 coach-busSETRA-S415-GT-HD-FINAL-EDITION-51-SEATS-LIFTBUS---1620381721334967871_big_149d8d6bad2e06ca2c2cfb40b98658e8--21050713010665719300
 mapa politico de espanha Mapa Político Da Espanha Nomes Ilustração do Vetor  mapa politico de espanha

==

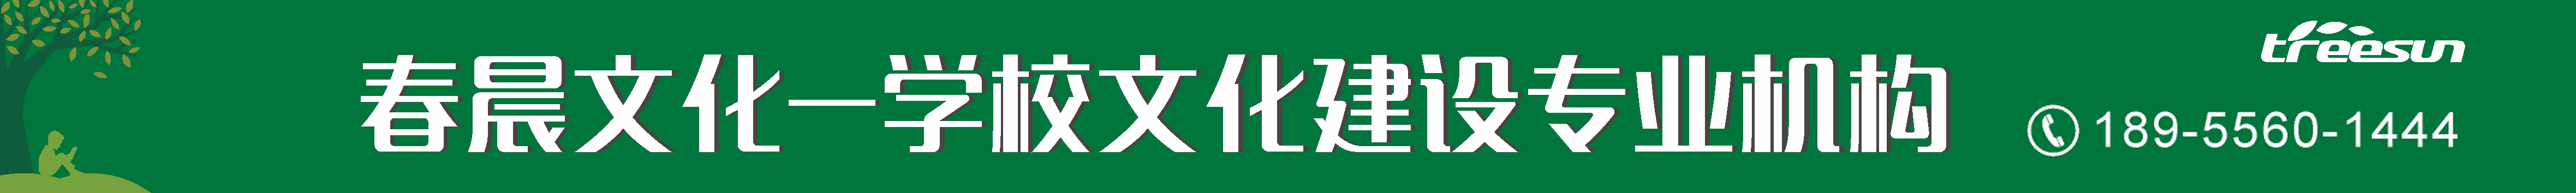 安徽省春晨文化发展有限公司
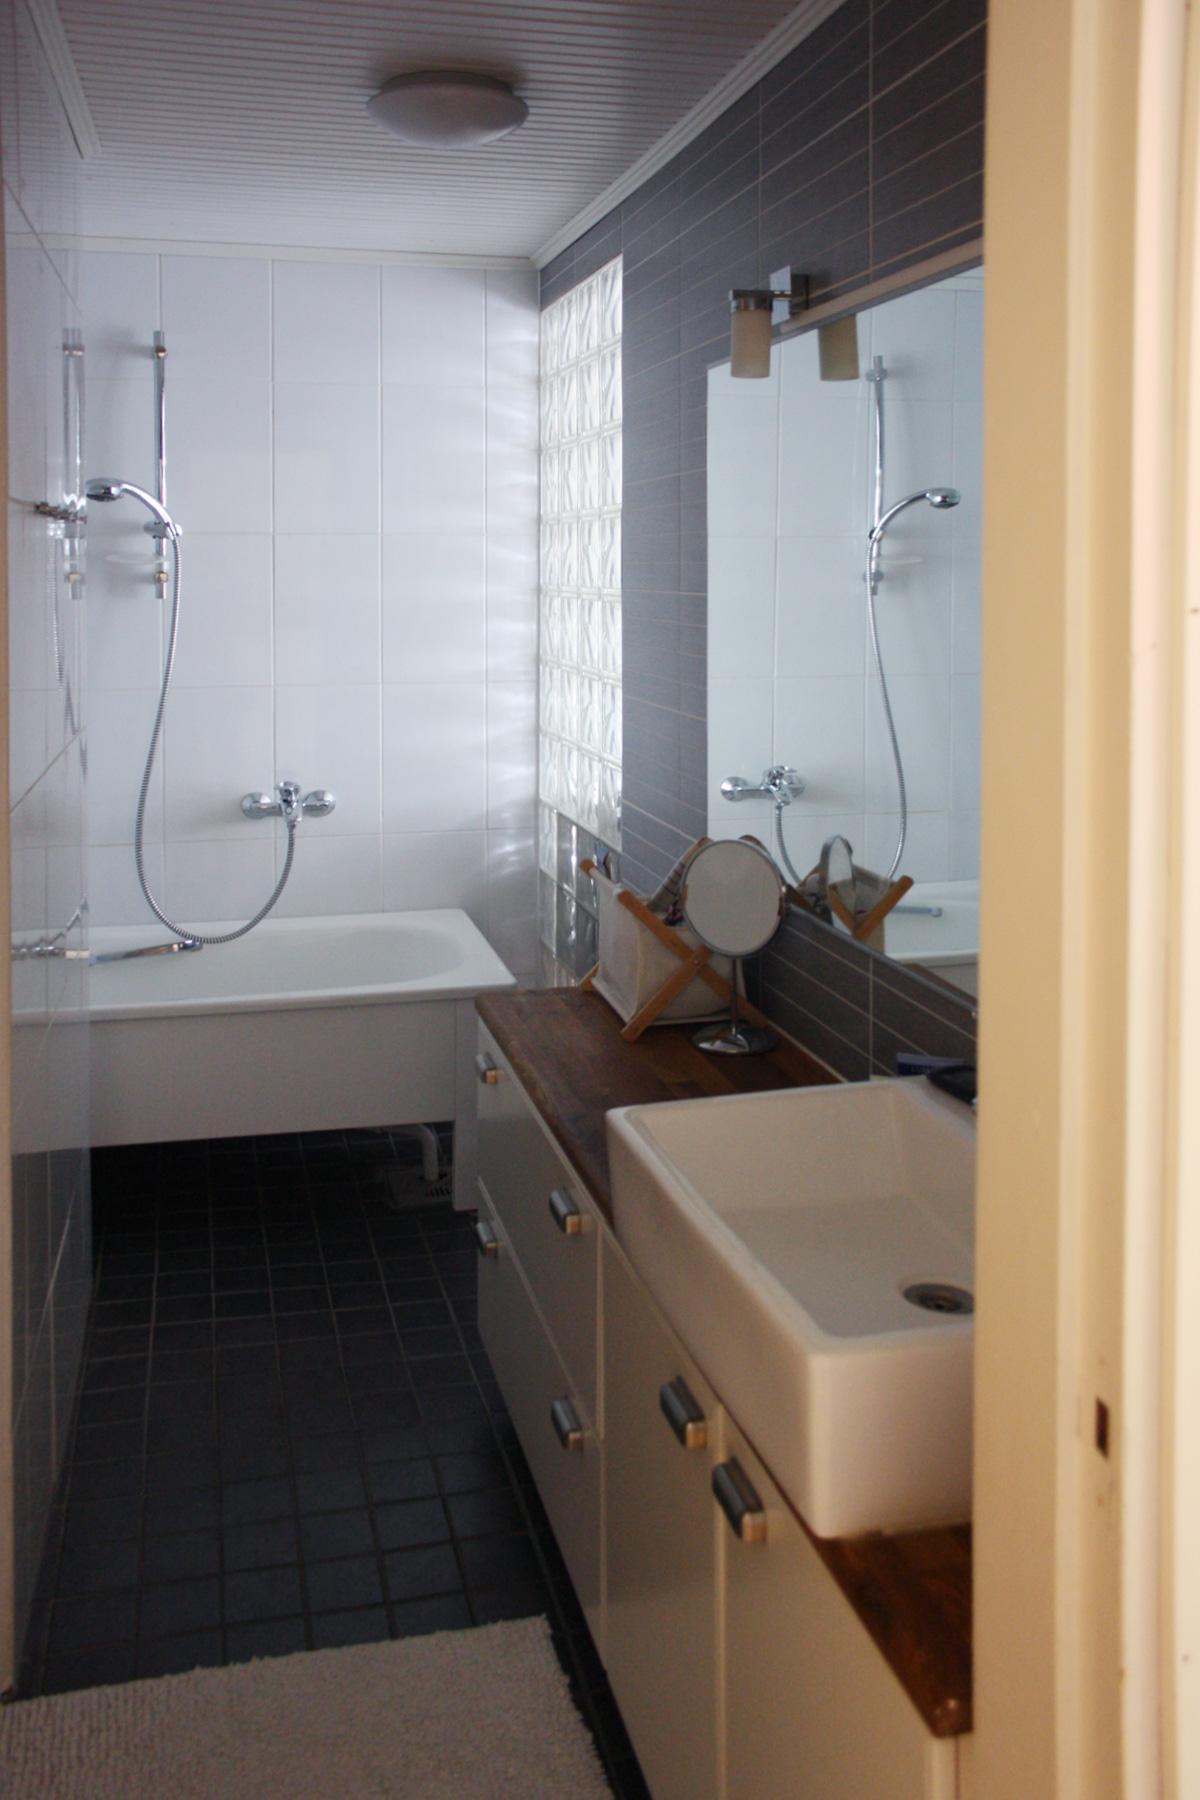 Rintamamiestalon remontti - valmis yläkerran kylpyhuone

==

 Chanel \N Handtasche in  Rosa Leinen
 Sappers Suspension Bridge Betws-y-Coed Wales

WORK INSTRUCTION — Above are records; write out the lines from the one with "安徽省春晨文化发展有限公司" down to the one with "Rintamamiestalon remontti - valmis", exactly, leaving the pictures out.

RESULT FOR THIS EXERCISE —
 安徽省春晨文化发展有限公司
 Rintamamiestalon remontti - valmis yläkerran kylpyhuone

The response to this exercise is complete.